EX12 - Simpy


Overview

In Exercise 12, you will write a utility class for working with a column of numerical values. This will give practice with constructors, methods, operator overloading and more. In the process, you will develop a keen understanding for the intuition and abstractions provided by a highly popular and valuable to understand library called NumPy. We will explore NumPy later in the course!

In this exercise, you will build-up an abstraction, with many powerful capabilities, in the form of a class called Simpy.

0. Pull the skeleton code

You will find the starter files needed by “pulling” from the course workspace repository. Before beginning, be sure to:

  1. Be sure you are in your course workspace. Open the file explorer and you should see your work for the course. If you do not, open your course workspace through File > Open Recent.
  2. Open the Source Control View by clicking the 3-node (circles) graph (connected by lines) icon in your sidebar or opening the command palatte and searching for Source Control.
  3. Click the Ellipses in the Source Control pane and select “Pull” from the drop-down menu. This will begin the pulling process from the course repository. It should silently succeed.
  4. Return to the File Explorer pane and open the exercises directory. You should see it now contains the directory named ex12. If you expand those directories, you will see the starter files for this exercise. You should notice the ex12 directory appear.

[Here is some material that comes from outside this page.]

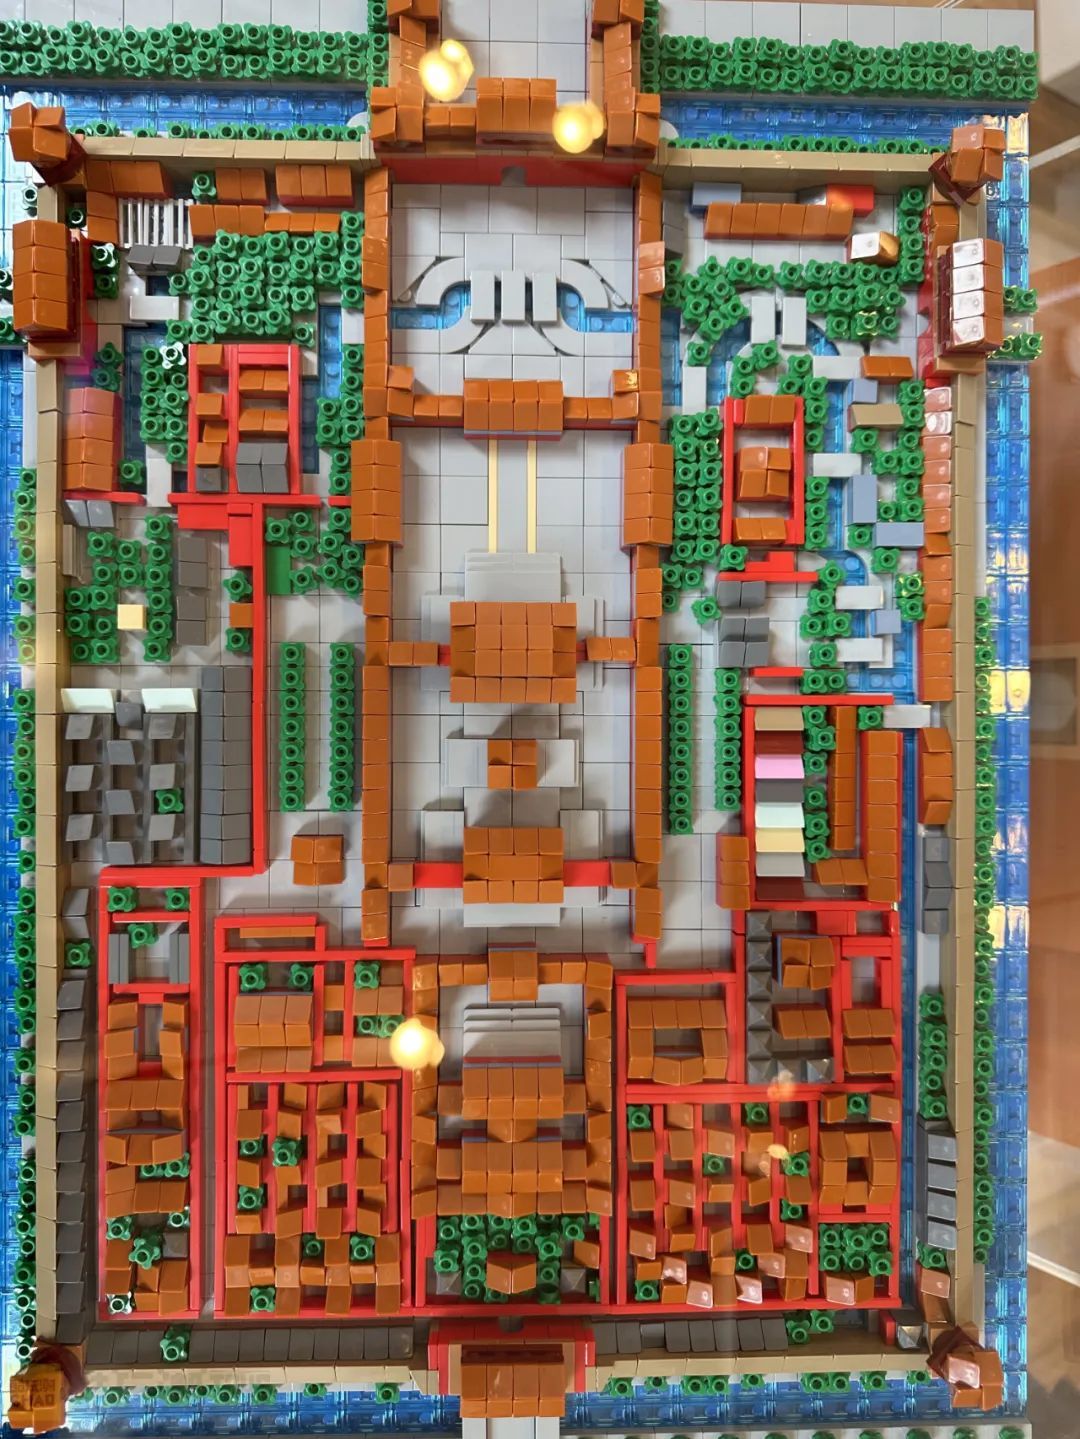 【周邊專區】美國國家博物館Brick City積木展——沃倫·埃爾斯莫爾個人作品展-第22張

If the above did not work, try the following:

  1. Click the Ellipses in the Source Control pane and select “Pull, Push” from the drop-down menu. Then select “Pull from”. Then select “upstream” and the main option. This will begin the pulling process from the course repository. It should silently succeed.
  2. Return to the File Explorer pane and open the exercises directory. You should see it now contains another directory named ex12. If you expand that directory, you should see the starter files If you expand that directory, you will see the starter files: Simpy.py and SimpyDemos.ipynb.

1. Starter Files

Your work in this exercise will be completed across two files:

  1. Simpy.py - This is the Python module where your Simpy class is implemented.

  2. SimpyDemos.ipynb - This is the Jupyter Notebook file that walks you through each of the methods of Simpy and provides sample uses. There are additionally a few check for understanding cells that will ask you to solve problems in terms of methods you previously implemented.

The descriptions of the functions you will need to implement, as well as example code that makes use of those functions once they are correctly implemented, can be found in the SimpyDemos.ipynb file.

If your screen is large enough, you are encouraged to open these files side-by-side in VSCode by dragging the tab of one to the right side of VSCode so that it changes to a split pane view. Closing your file explorer can help give you additional horizontal space.

Be sure to save your work in Simpy.py before reevaluating cells in SimpyDemos.ipynb. Sometimes the Jupyter Notebook can reach a bad state and the only way to fix is to close your ipynb tab and reopen a new one, thus restarting the kernel.

Corrections

If there are corrections or clarifications needed to the instructions in the ipynb file, they will post in this section.

In the SimpyDemos.ipynb file, we try to test your __add__ method by creating a new Simpy object and storing it in a variable named a and then printing the result of a + 1. Since 1 is interpreted as an int rather than a float, isinstance(rhs, float) would return False. To avoid this causing any errors, make sure you first test whether rhs is an instance of a Simpy and then use an else block to cover the case that rhs is an instance of a float OR you can edit the notebook cell to be a + 1.0. Either will be fine, and will ultimately not impact the autograded score at all.

Autograding

Login to Gradescope and select the assignment named "EX12 - Simpy. You’ll see an area to upload a zip file. To produce a zip file for autograding, return back to Visual Studio Code.

If you do not see a Terminal at the bottom of your screen, open the Command Palette and search for “View: Toggle Integrated Terminal”.

To produce a zip file for ex12, type the following command (all on a single line):

python -m tools.submission exercises/ex12

In the file explorer pane, look to find the zip file named “21.mm.dd-hh.mm-exercises-ex12.zip”. The “mm”, “dd”, and so on, are timestamps with the current month, day, hour, minute. If you right click on this file and select “Reveal in File Explorer” on Windows or “Reveal in Finder” on Mac, the zip file’s location on your computer will open. Upload this file to Gradescope to submit your work for this exercise.

Autograding will take a few moments to complete. For this exercise there will be 10 points manually graded to just verify that you ran the notebook cells. If there are issues reported, you are encouraged to try and resolve them and resubmit. If for any reason you aren’t receiving full credit and aren’t sure what to try next, come give us a visit in office hours!